In stark contrast, Rockhold is an exemplar of modern MMA dynamism. Though he will give up four inches of reach to Branch, Rockhold is a massive middleweight and an outstanding athlete. He stalks from the southpaw position, liberally kicking opponents to the legs, body and head. His judo background, combined with his size and dexterity, allows him to launch opponents from the clinch, buttressing an already potent wrestling game. He is an indefatigable scrambler, constantly looking to move into dominant positions while simultaneously being able to seize the slightest of submission opportunities. He is especially aggressive, at times frenetic, but even if he is less “buttoned up” than say, Demetrious Johnson, make no mistake: Rockhold can do it all inside the cage, with flair and flash, to boot.
It will be an uphill battle for Branch to implement his methodical pace and attack. We have not seen Rockhold in action for 15 months and we have yet to see how the American Kickboxing Academy product will look now that he is working under Henri Hooft at the Combat Club in Florida. However, Rockhold’s modus operandi is well-established and he will almost certainly be in Branch’s face quickly with kicking offense. Branch will need to stick and move better than ever to avoid Rockhold’s constant salvos and land counterpunches. Typically, forcing a clinch battle would be a smart way to stymie the sort of striking Rockhold brings to the table, but the former champ’s skills in close are superior to Branch’s. Branch may be able to avoid Rockhold latching onto his arm, leg or neck, but he is not going to take down Rockhold cleanly or consistently from there, and pushing that agenda only heightens the chance for Rockhold to initiate the sort of scrambles in which he thrives.

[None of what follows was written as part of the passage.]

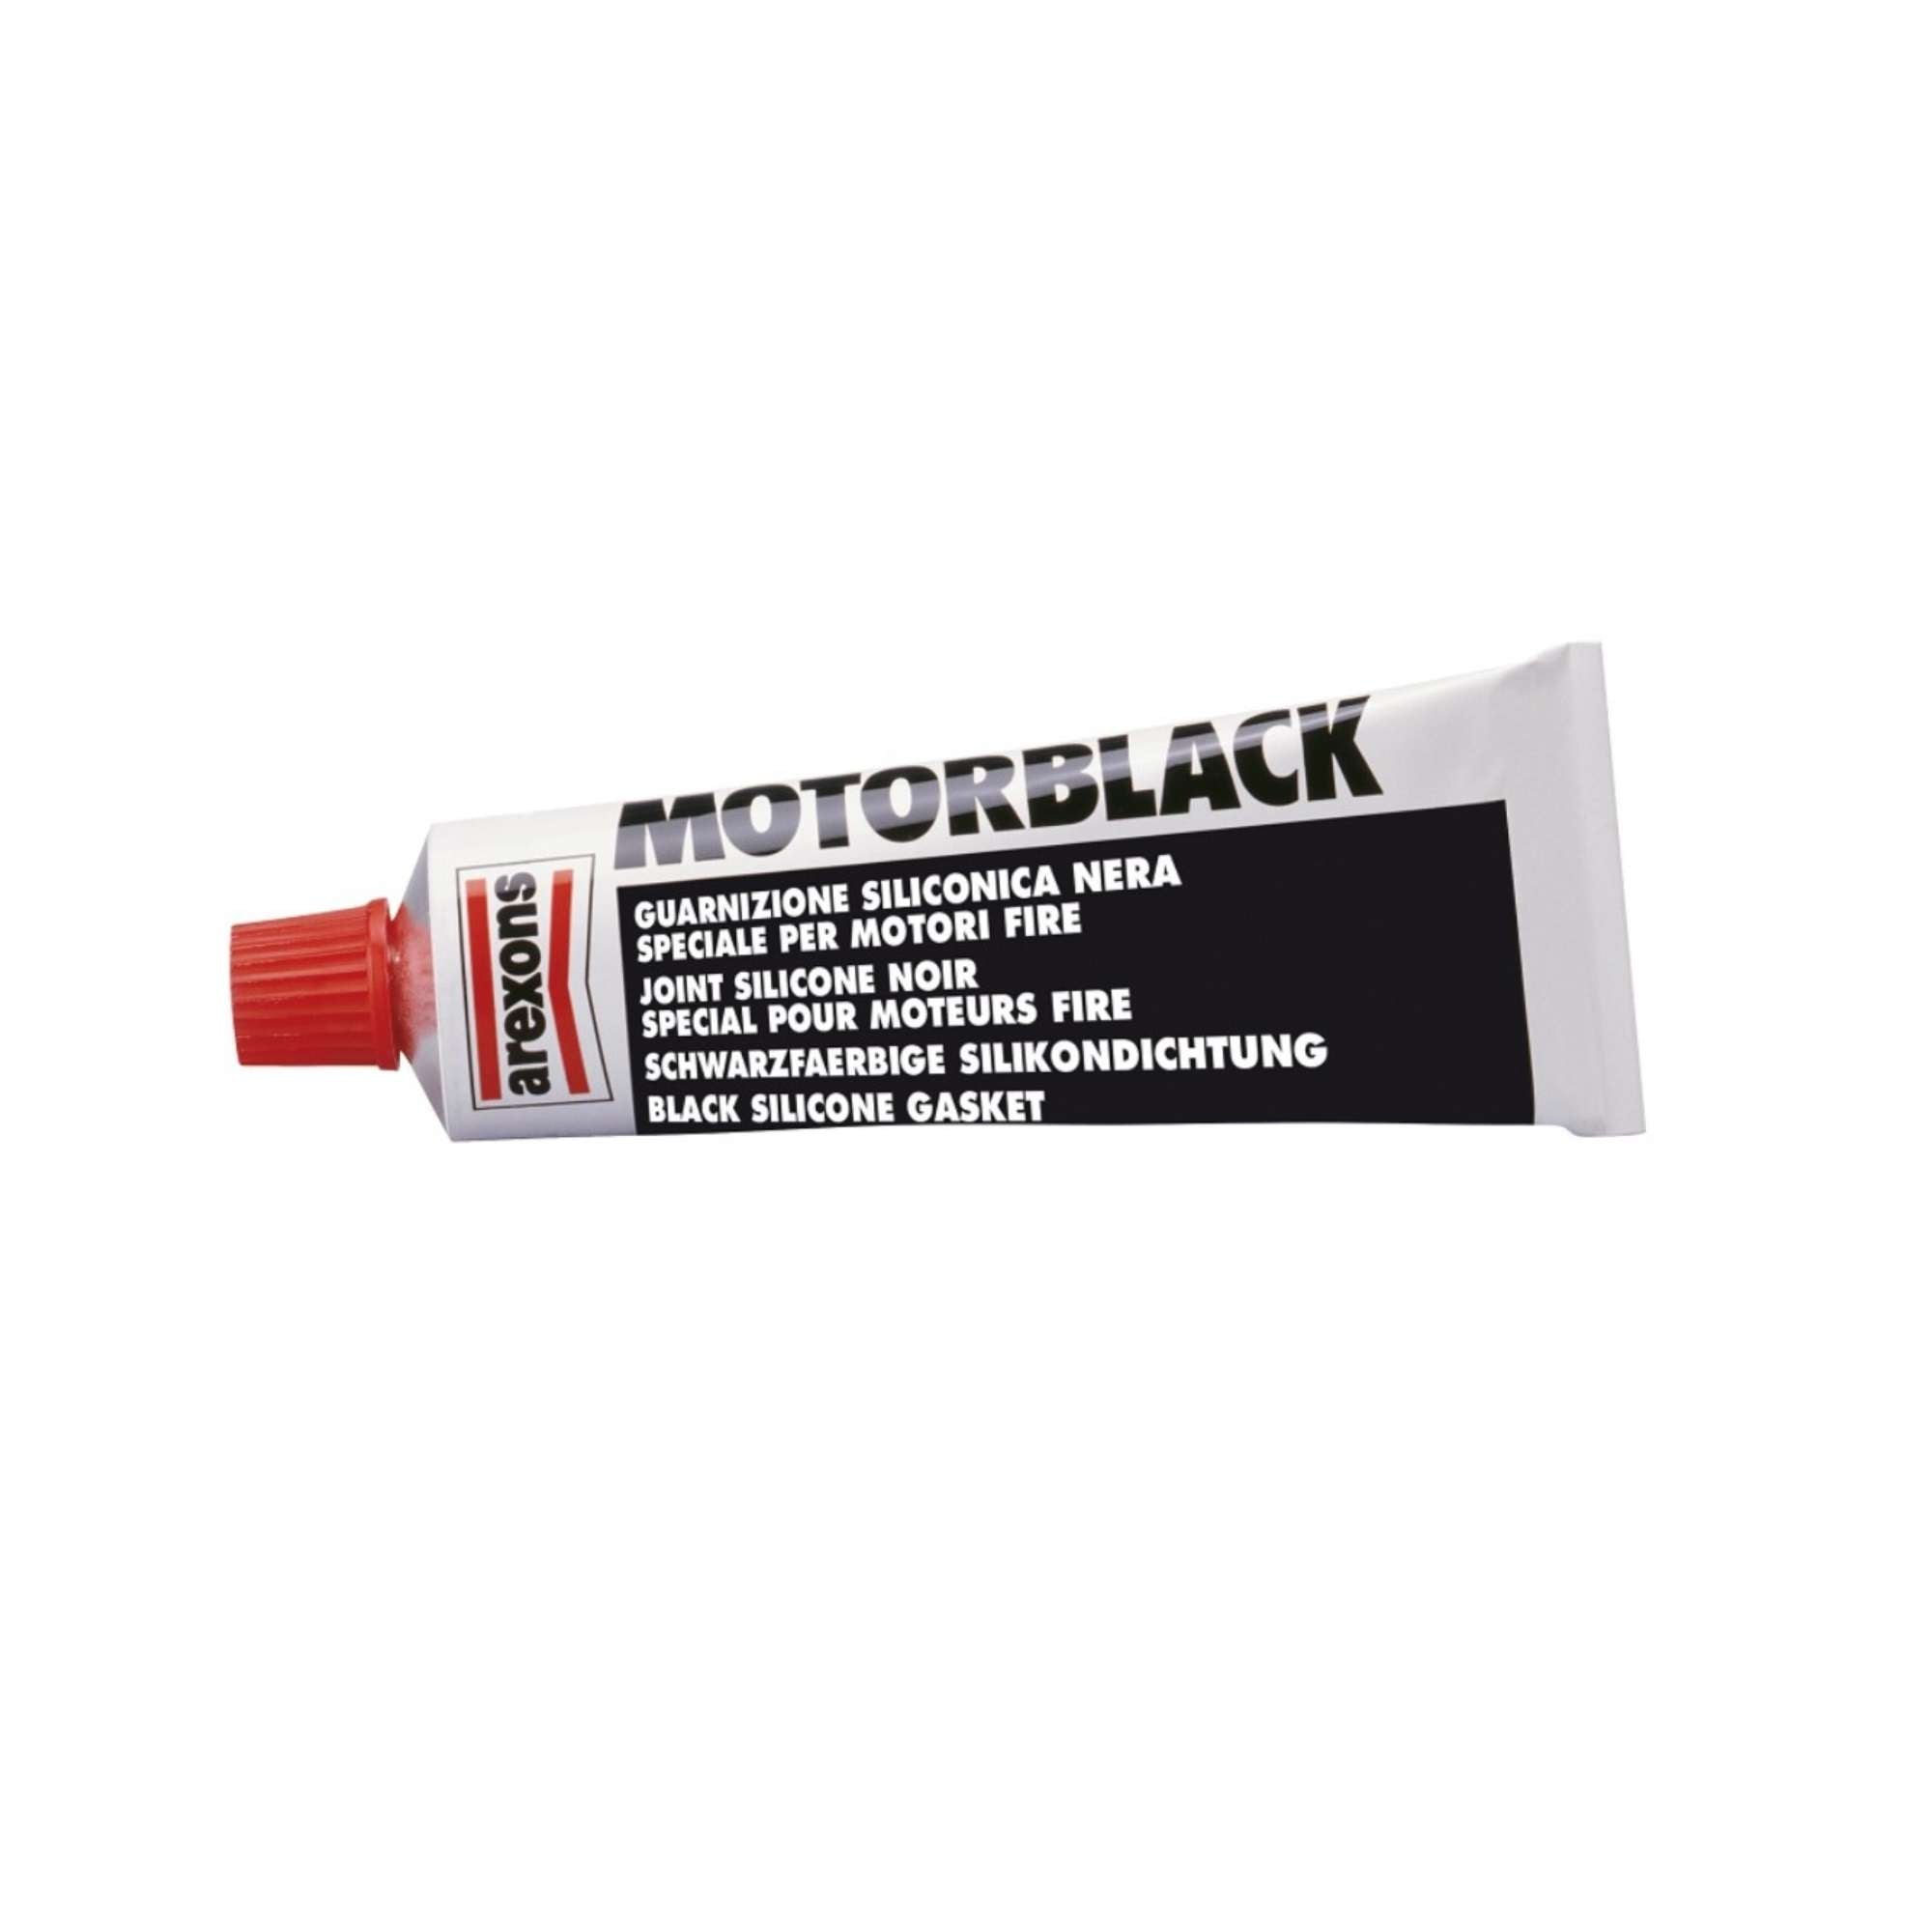 Motorblack special black silicone gasket for fire engines - Arexons 0094

In spite of the style matchup, Branch can still win. After all, Bisping has never been a one-hitter quitter, let alone a serious left-handed puncher, and he was able to find Rockhold’s chin when the former champ became arrogant and began rushing “The Count” with his hands down. However, Bisping is a more varied and technical striker than Branch, whose high boxing stance will expose his body to Rockhold’s incessant kicking. Counterstriking is not Branch’s forte, and now he is faced with the onerous task of playing matador against a hyperactive bull. Branch is experienced in five-round fights and typically 25-minute affairs are an asset to his attritional style, but in this case, it simply affords Rockhold more time to land big on the feet or find a finish in a scramble. Rockhold will work behind his kicks and pounce as soon as he hurts Branch, getting a stoppage and a crucial victory inside the first 15 minutes.